# Task details
Would you restate the full listing word for word and omit its pictures?

# Dataset content
*-*-*
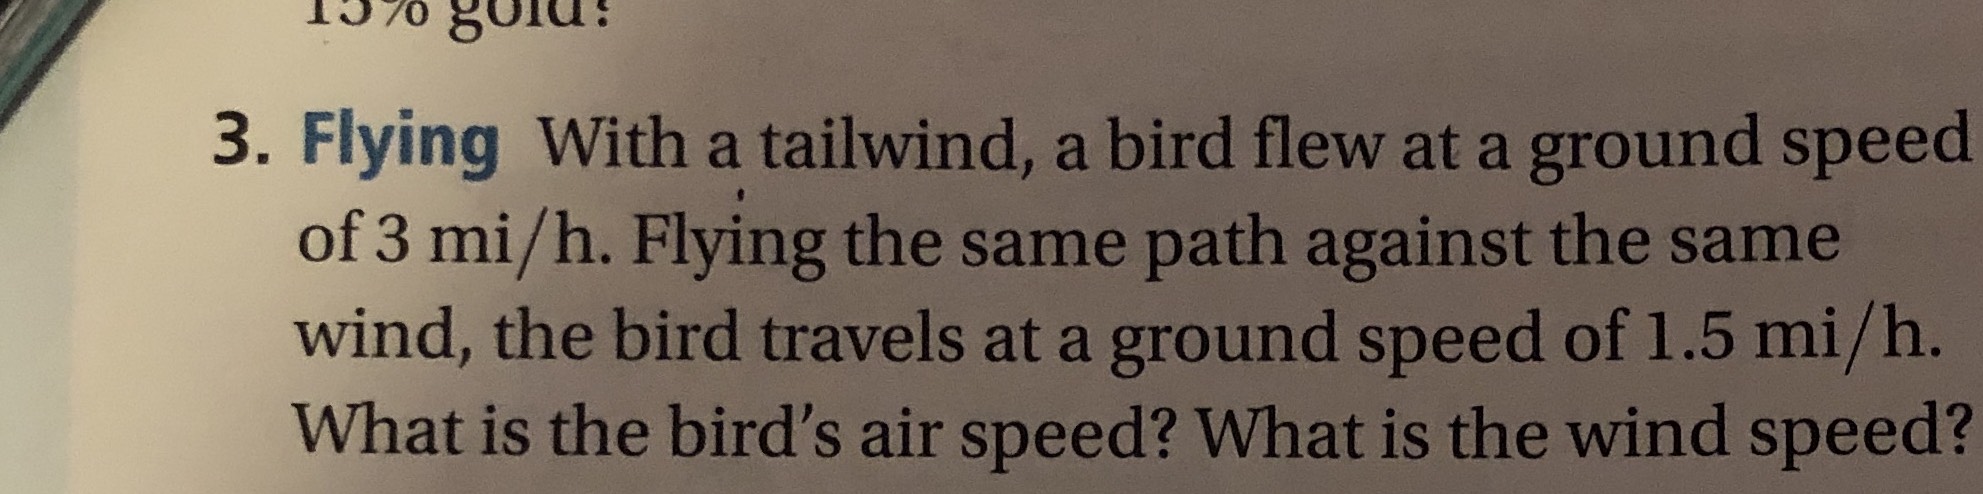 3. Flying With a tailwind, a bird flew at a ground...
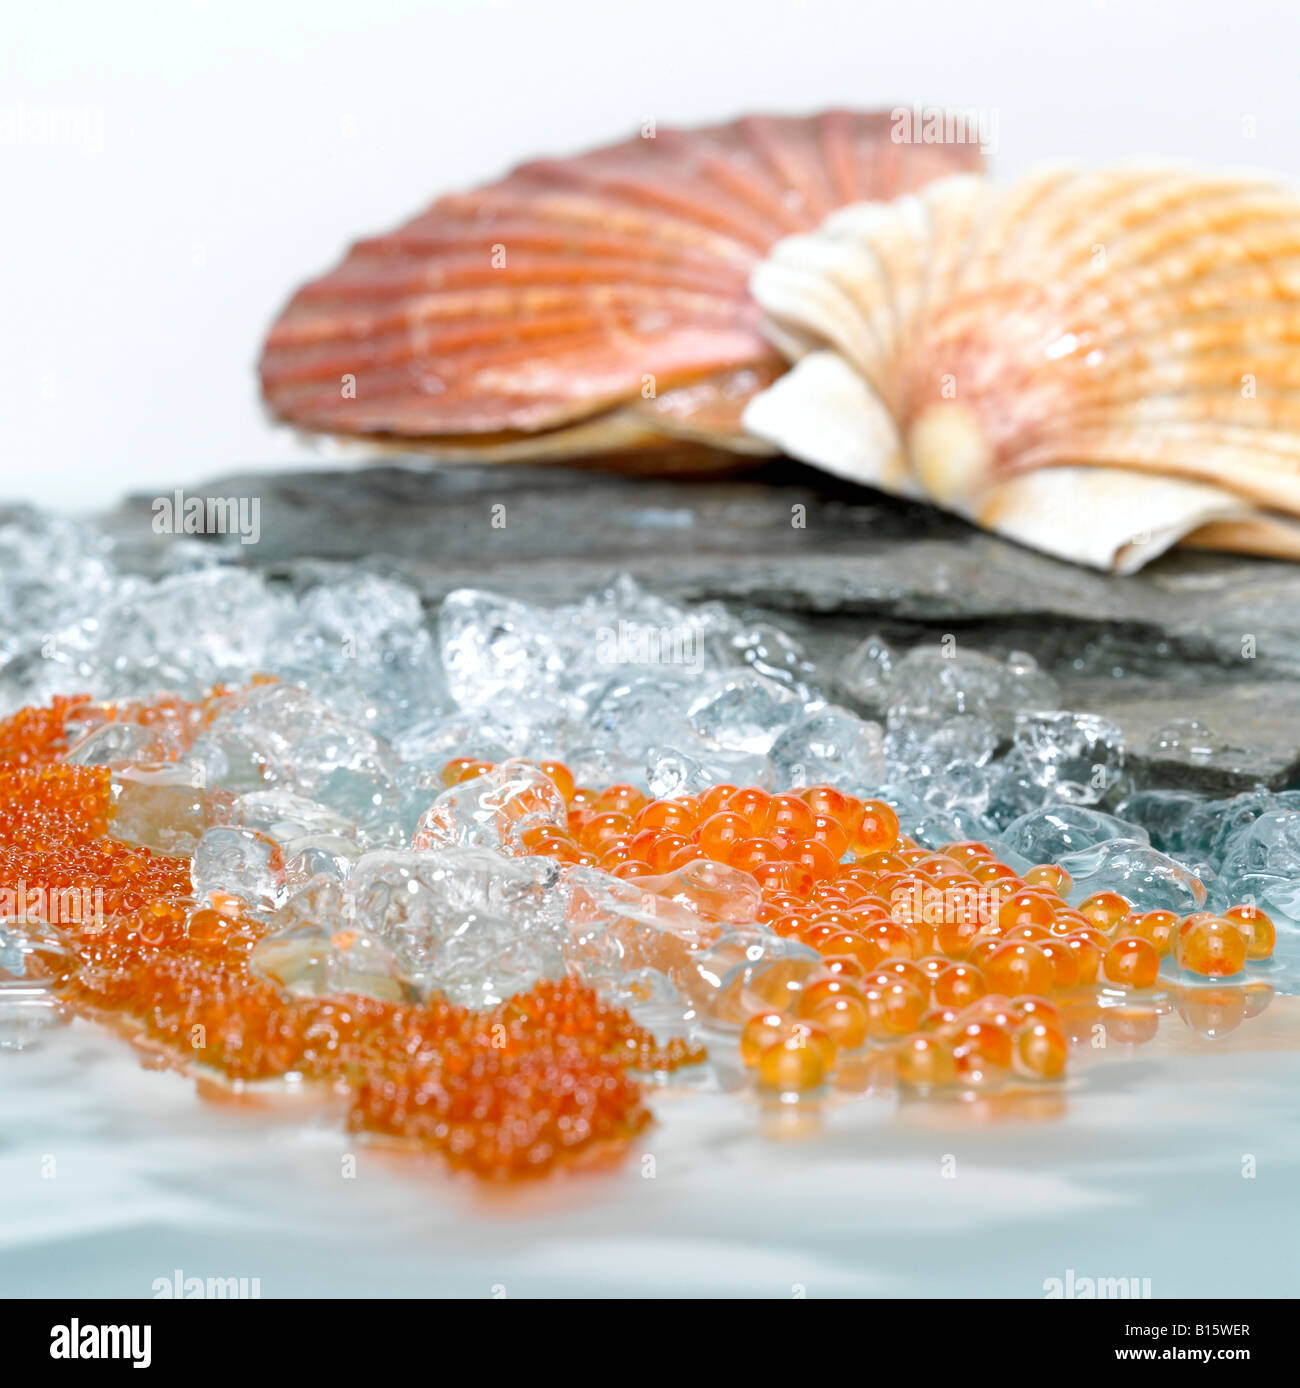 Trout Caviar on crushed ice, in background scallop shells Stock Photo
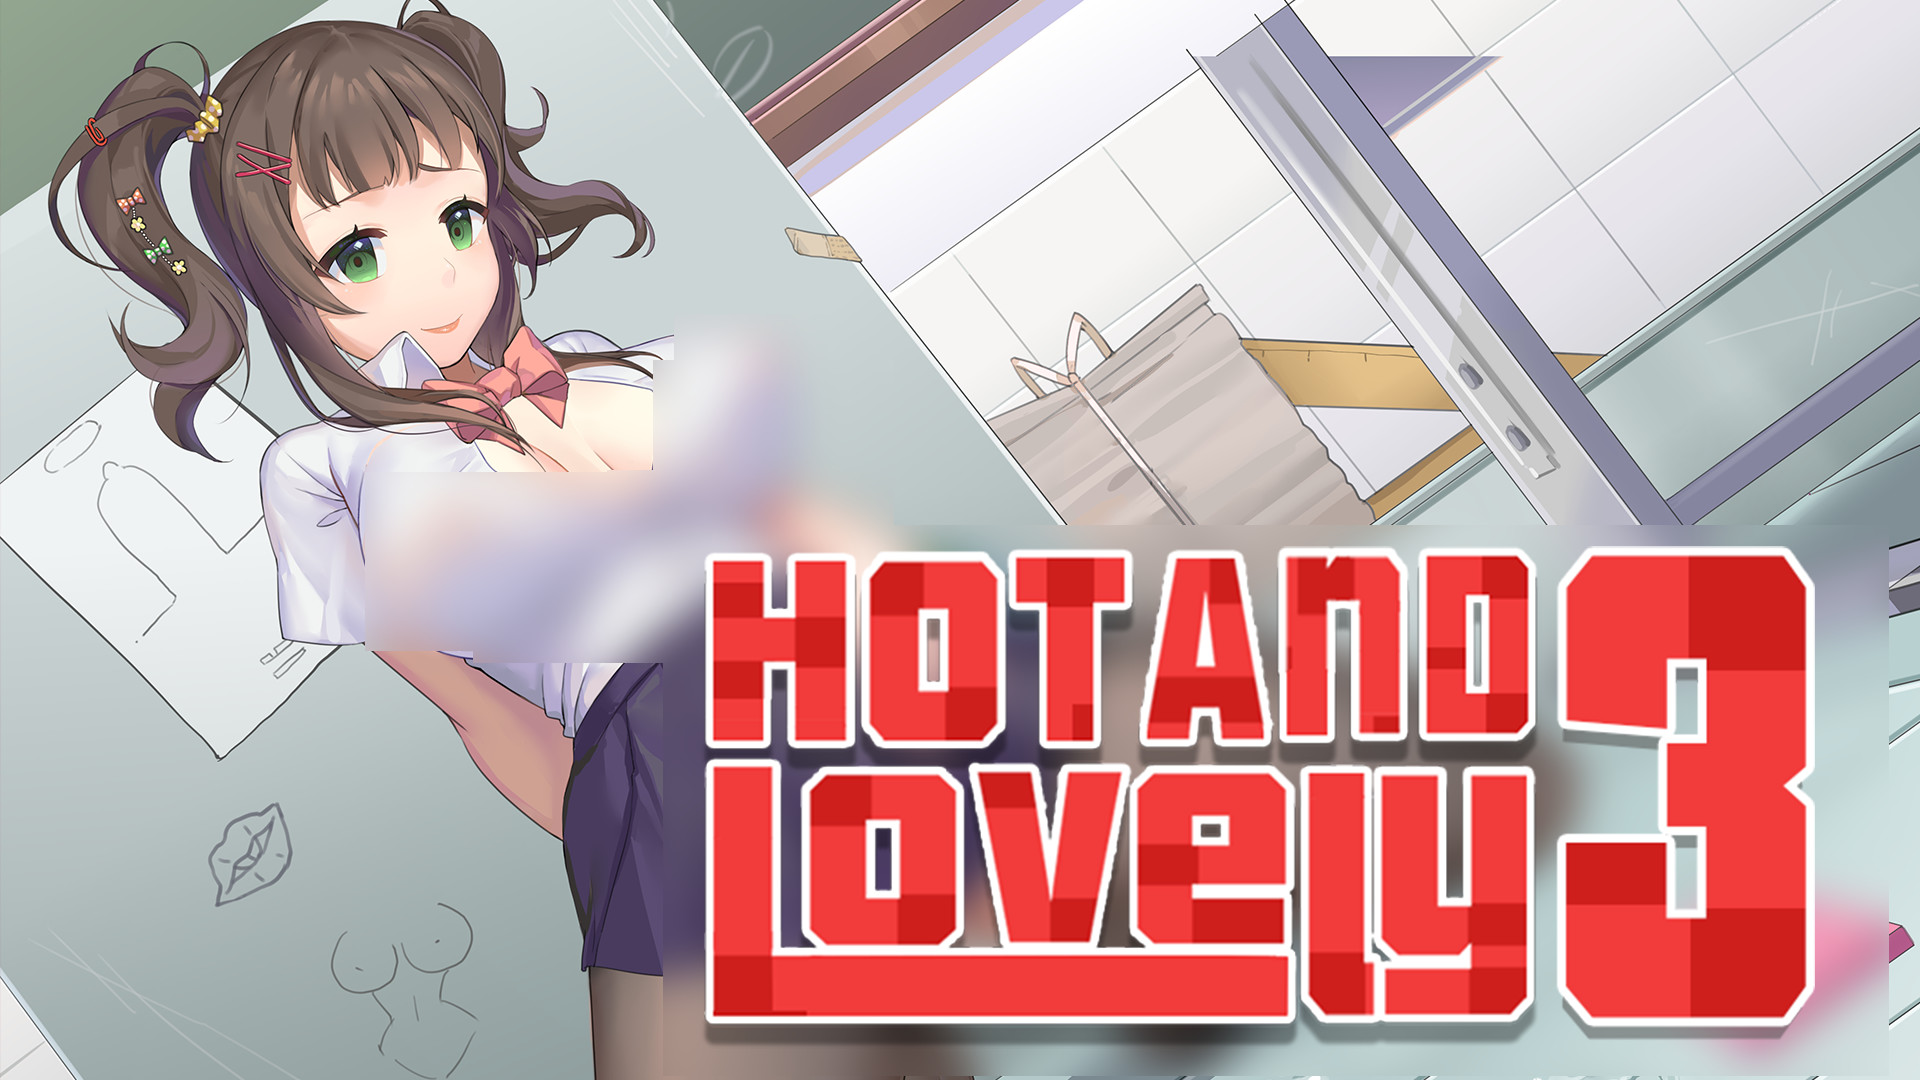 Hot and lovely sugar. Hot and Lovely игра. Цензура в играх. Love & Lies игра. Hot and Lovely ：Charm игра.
*-*-*
# Answer below
 3. Flying With a tailwind, a bird flew at a ground...
 Trout Caviar on crushed ice, in background scallop shells Stock Photo
 Hot and lovely sugar. Hot and Lovely игра. Цензура в играх. Love & Lies игра. Hot and Lovely ：Charm игра.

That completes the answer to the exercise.